Study material
━━━

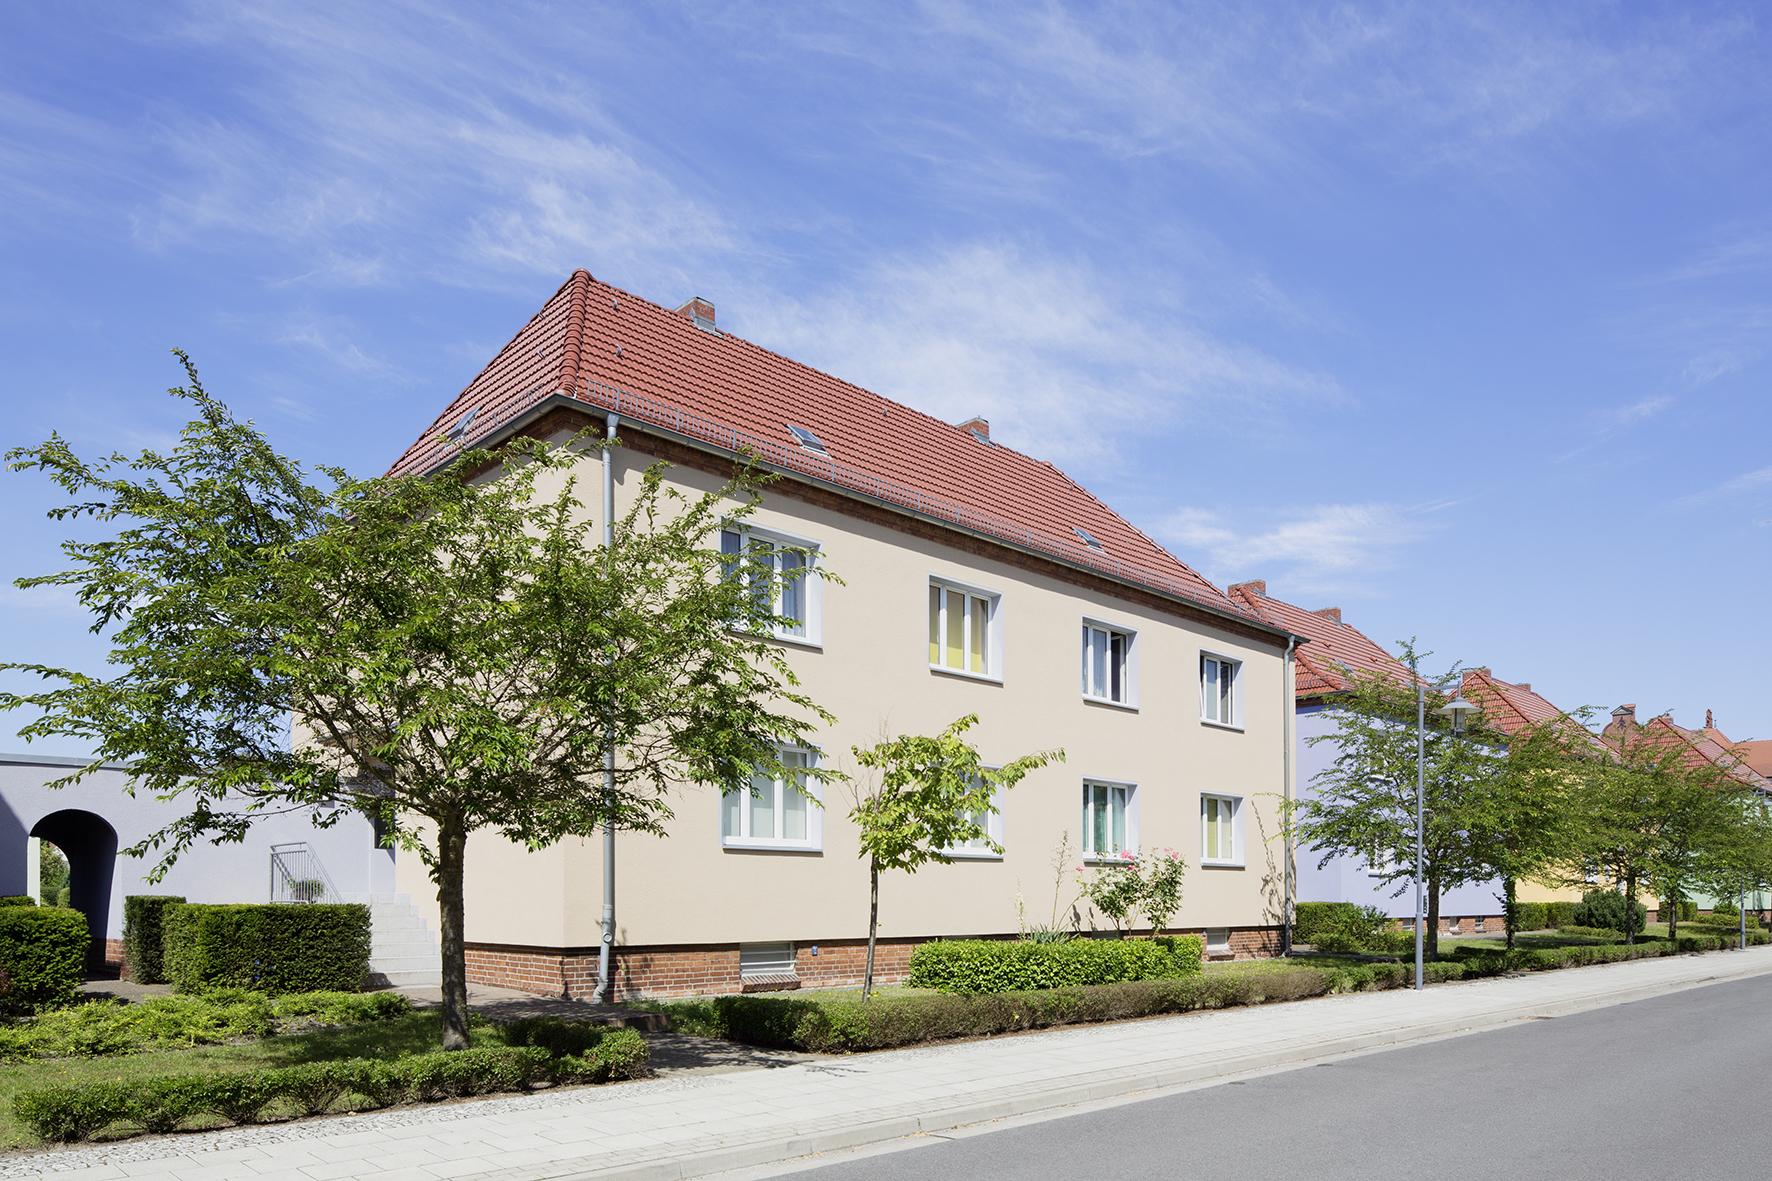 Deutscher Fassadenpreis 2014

━━━

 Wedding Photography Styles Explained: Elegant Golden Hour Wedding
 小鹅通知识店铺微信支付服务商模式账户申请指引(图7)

━━━

Problem
Would you retype exactly the lines above, from the line with "Wedding Photography Styles" to the line with "小鹅通知识店铺微信支付服务商模式账户申请指引(图7)", with both end lines kept and nothing more?

Solved exercise
 Wedding Photography Styles Explained: Elegant Golden Hour Wedding
 小鹅通知识店铺微信支付服务商模式账户申请指引(图7)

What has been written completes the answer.